Senator Compares President Preserving Federal Land To Japanese Attack On Pearl Harbor
Presidents can declare certain parcels of land monuments, not to be tampered with, according to the 1906 American Antiquities Act. This has conservatives up in arms (so to speak) in the wake of the Cliven Bundy mess. And it has Utah Senator Orrin Hatch likening it to the Japanese attack on Pearl Harbor.
“I’ll use my authority to protect more of our pristine federal lands for future generations,” he said in his State of the Union address earlier this year.
That commitment has some in the West fearing more intrusion by the federal government into their backyard, undermining locally driven efforts to decide the future of public lands. That fear isn’t without precedent.
“It makes me worried that [the president will] just ignore the wishes of the people of Utah and just do what he wants to — like Clinton did,” Sen. Orrin Hatch, R-Utah, said in a recent Salt Lake Tribune interview. “Sometimes he does act unilaterally.”

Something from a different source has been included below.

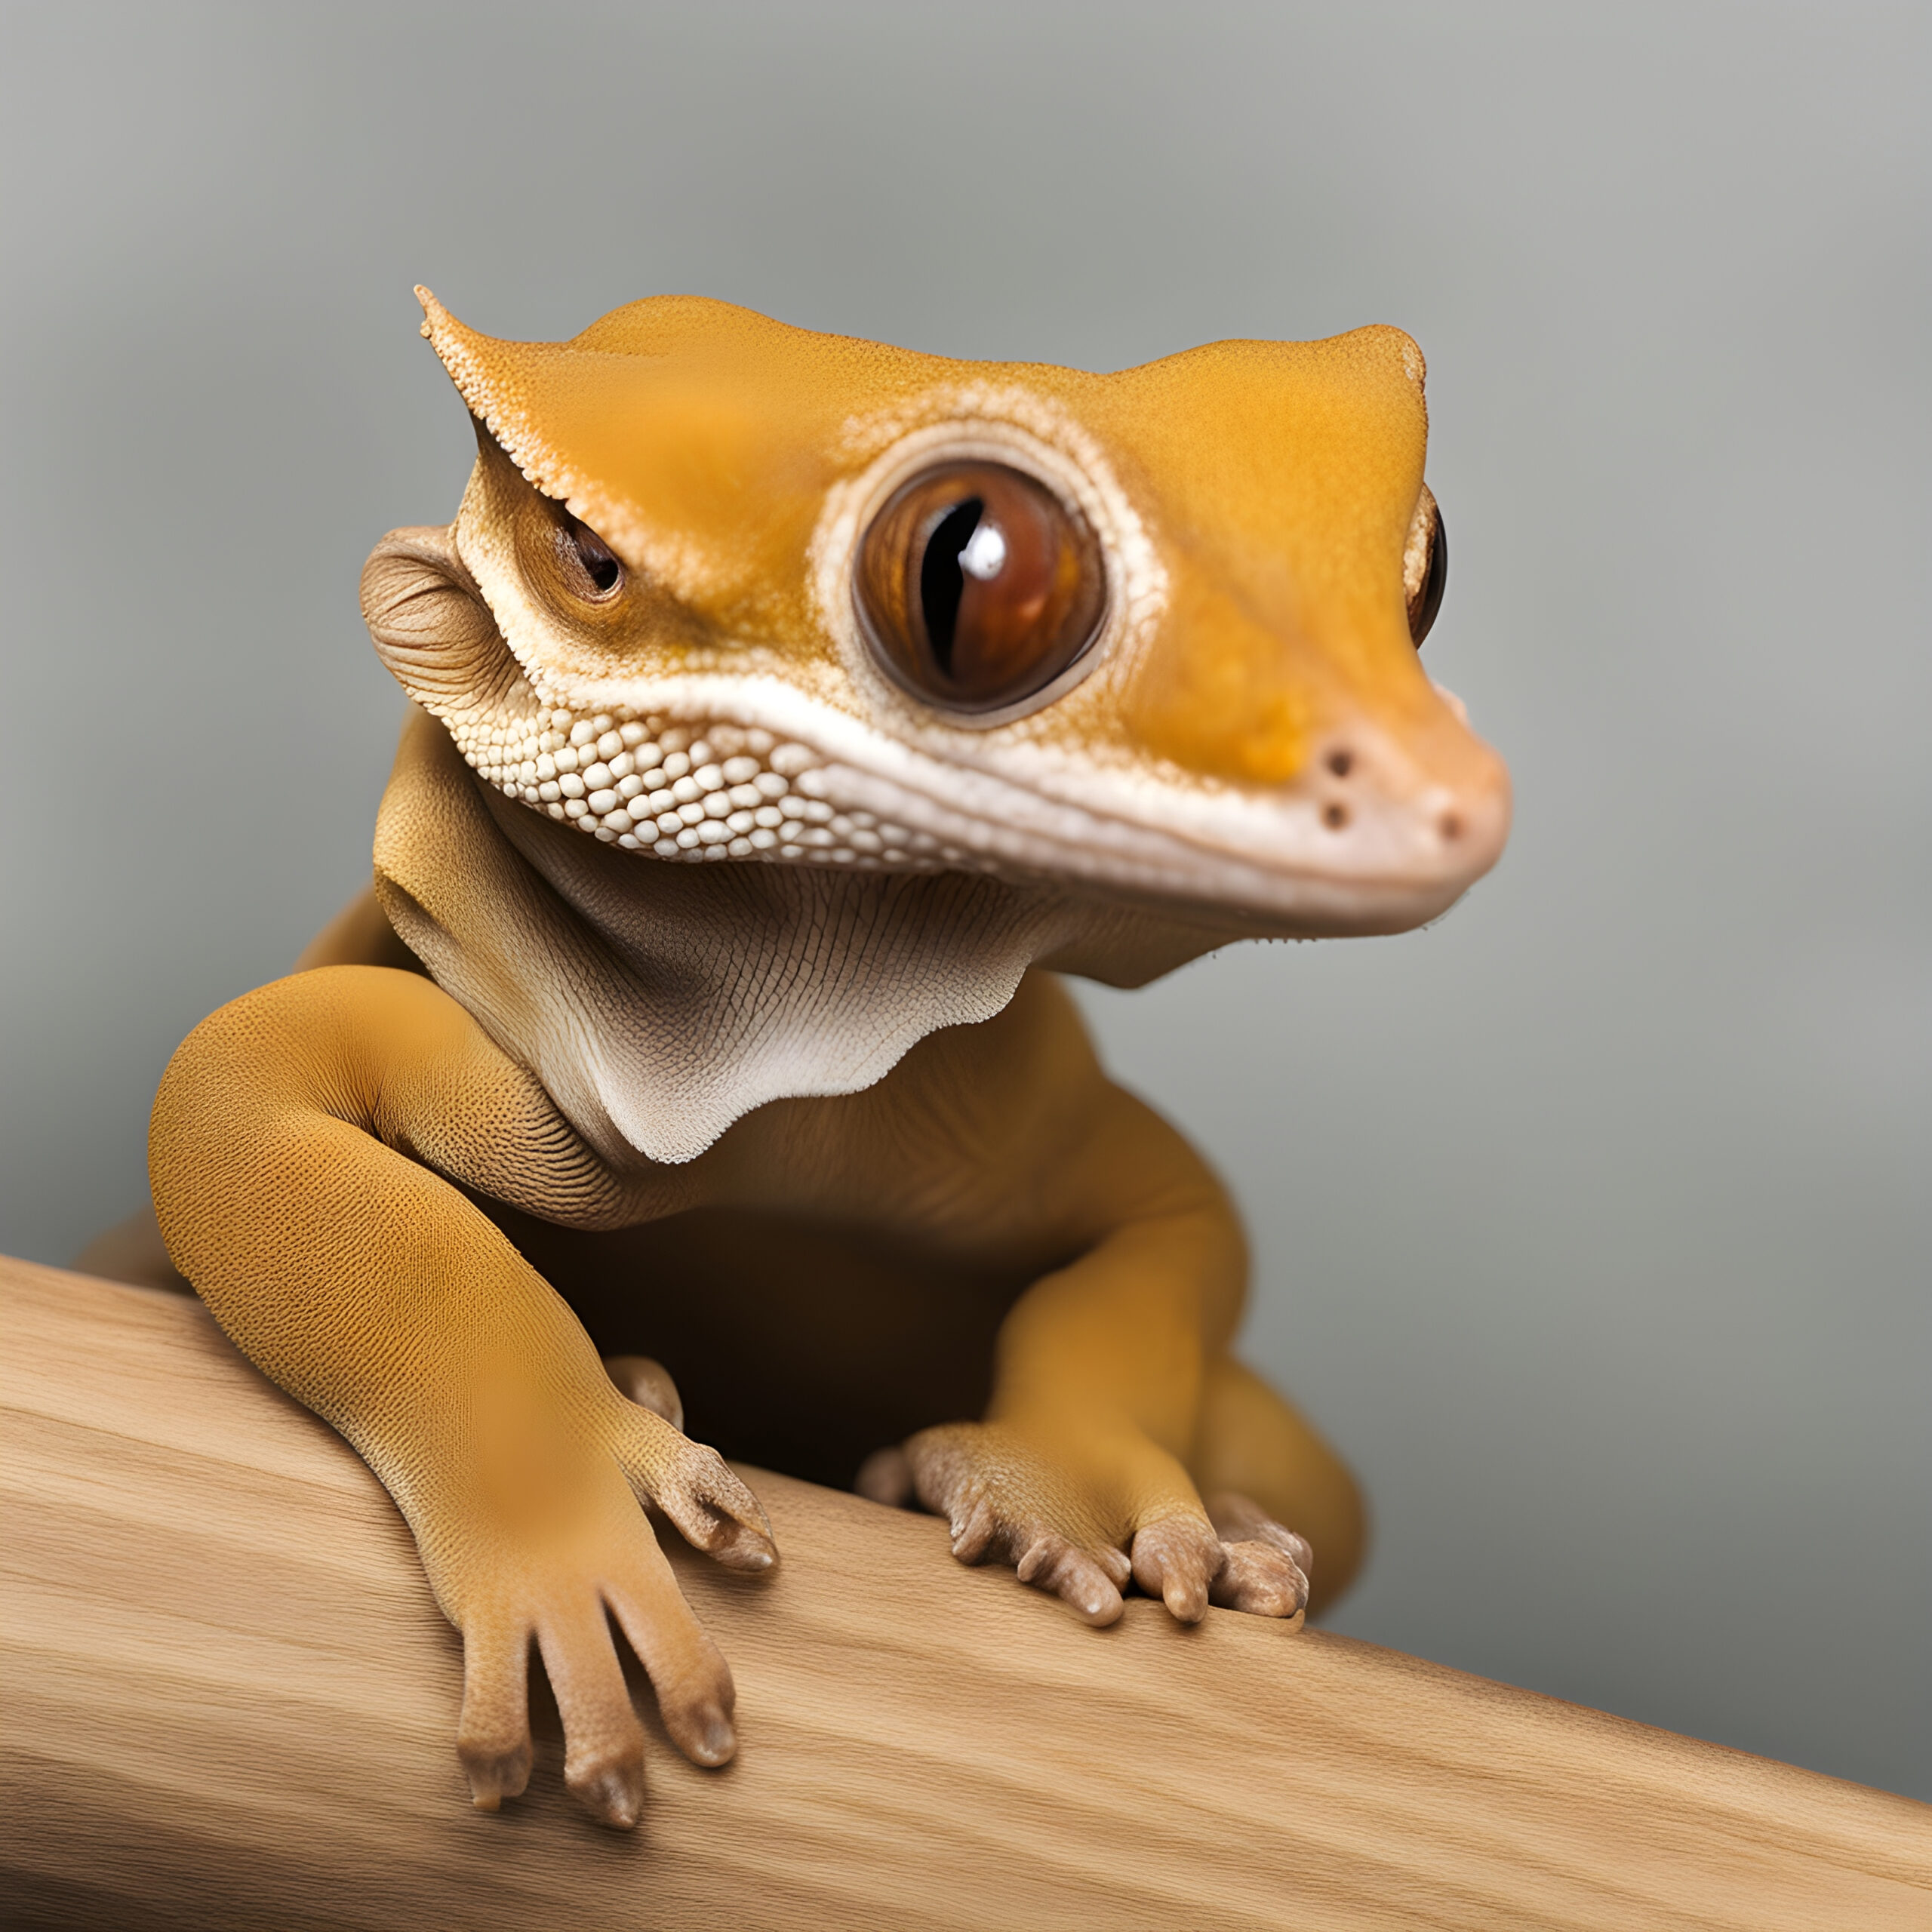 Crested Gecko Behavior and Communication:

Two months before his 1996 re-election, President Bill Clinton stood on the rim of the Grand Canyon in Arizona and declared 1.8 million acres of public land in Utah as the new Grand Staircase-Escalante National Monument. With a swipe of a pen, he canceled a proposed coal mine in what Hatch described then as the “mother of all land grabs.”
“Like the attack on Pearl Harbor, this massive proclamation came completely without notice to the public,” Hatch declared on the Senate floor. “The biggest presidential land set-aside in almost 20 years was a sneak attack.”